In 2017 we welcomed four new faculty to the department, including two translational scientists, a new pediatric neurosurgeon, and a peripheral nerve surgical specialist. Our scientists and surgeons continued to push the boundaries of translational research and refining surgical techniques; integrating pioneering use of robotics in surgery, implementing the use of virtual reality in the operating room, and publishing results from a wide variety of studies focused on everything from epilepsy to brain tumors.

This past year our team worked with California legislatures to pass a new resolution declaring May 6 Moyamoya Awareness Day in California, an important step in spreading awareness for this relatively unknown disease. We also saw a renewed public interest in, and a great deal of media coverage about our stem cell therapy for stroke studies - culminating in a special ceremony where I was honored by the Smithsonian Institution with their Annual American Ingenuity Award for Life Sciences. I was surprised and humbled by the recognition!

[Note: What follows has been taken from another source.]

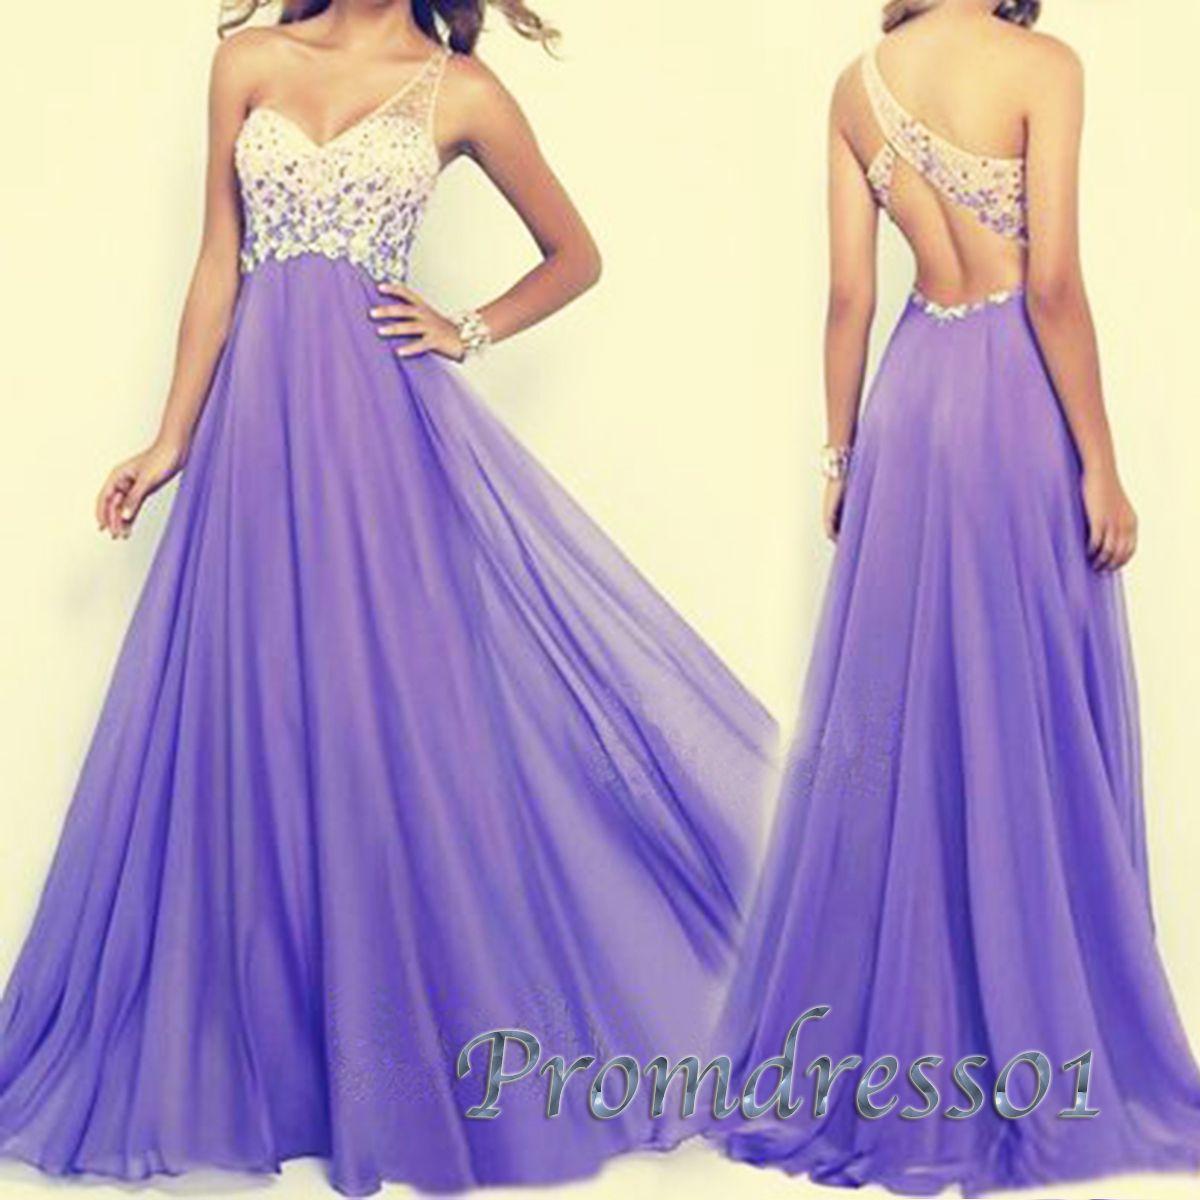 Unique purple one shoulder long prom dresses prom pinterest
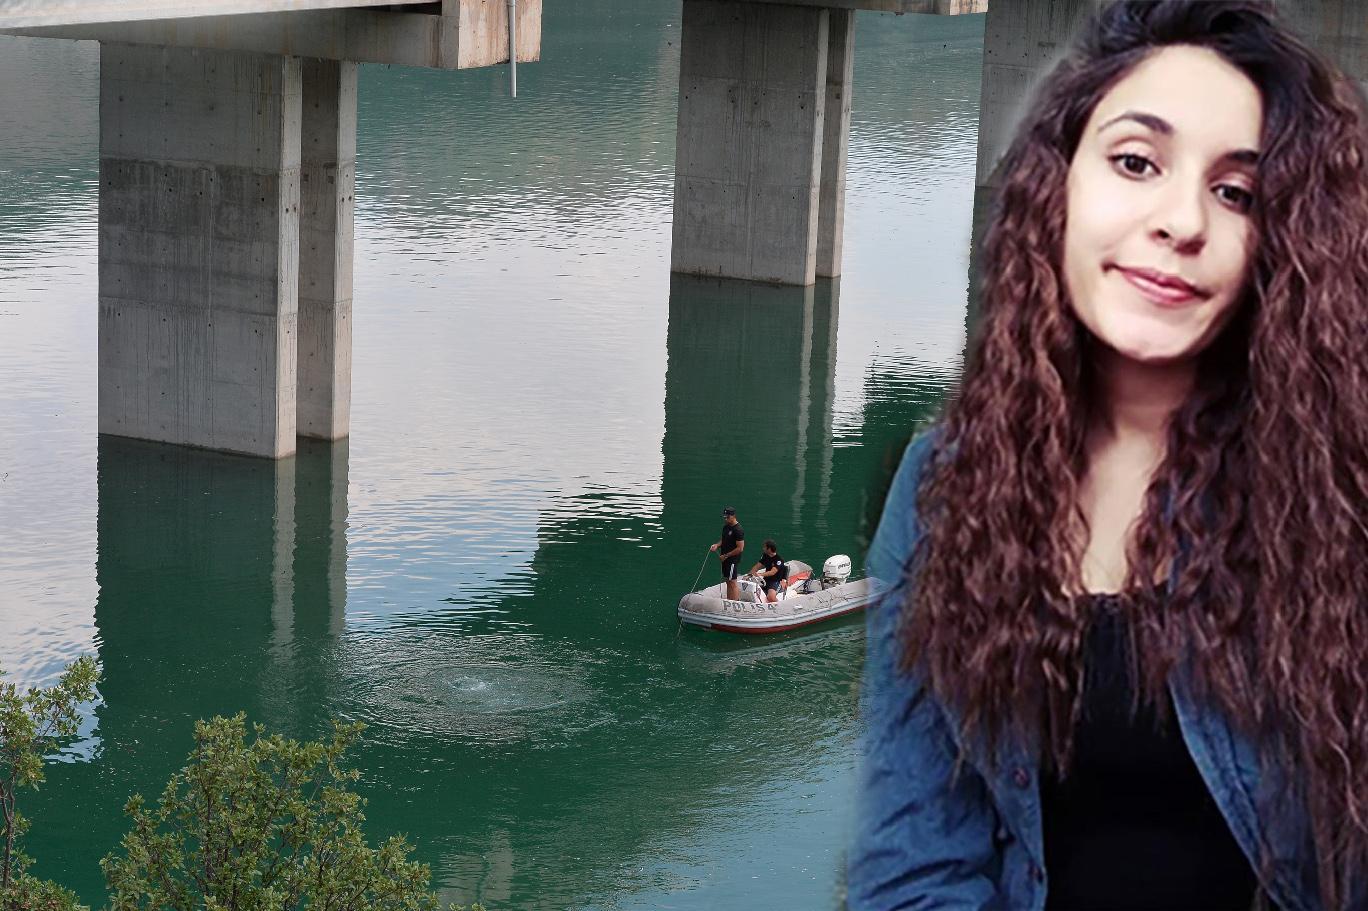 Gülistan Doku'yu su altında arama çalışmaları sonlandırıldı

I’m pleased to kick off the new year with the launch of our Department’s first e-newsletter, which will provide insights and the latest news to anyone interested in staying up-to-date with our Department. I am also looking forward to continuing to expand our department in 2018 with the hiring of new faculty specializing in skull base and pituitary tumors, complex spine surgery, and stem cell research. I’m eager to see what new scientific discoveries and clinical advances our researchers and clinicians will develop in the coming year, and am looking forward to sharing many more of our upcoming achievements with all of you. Happy New Year!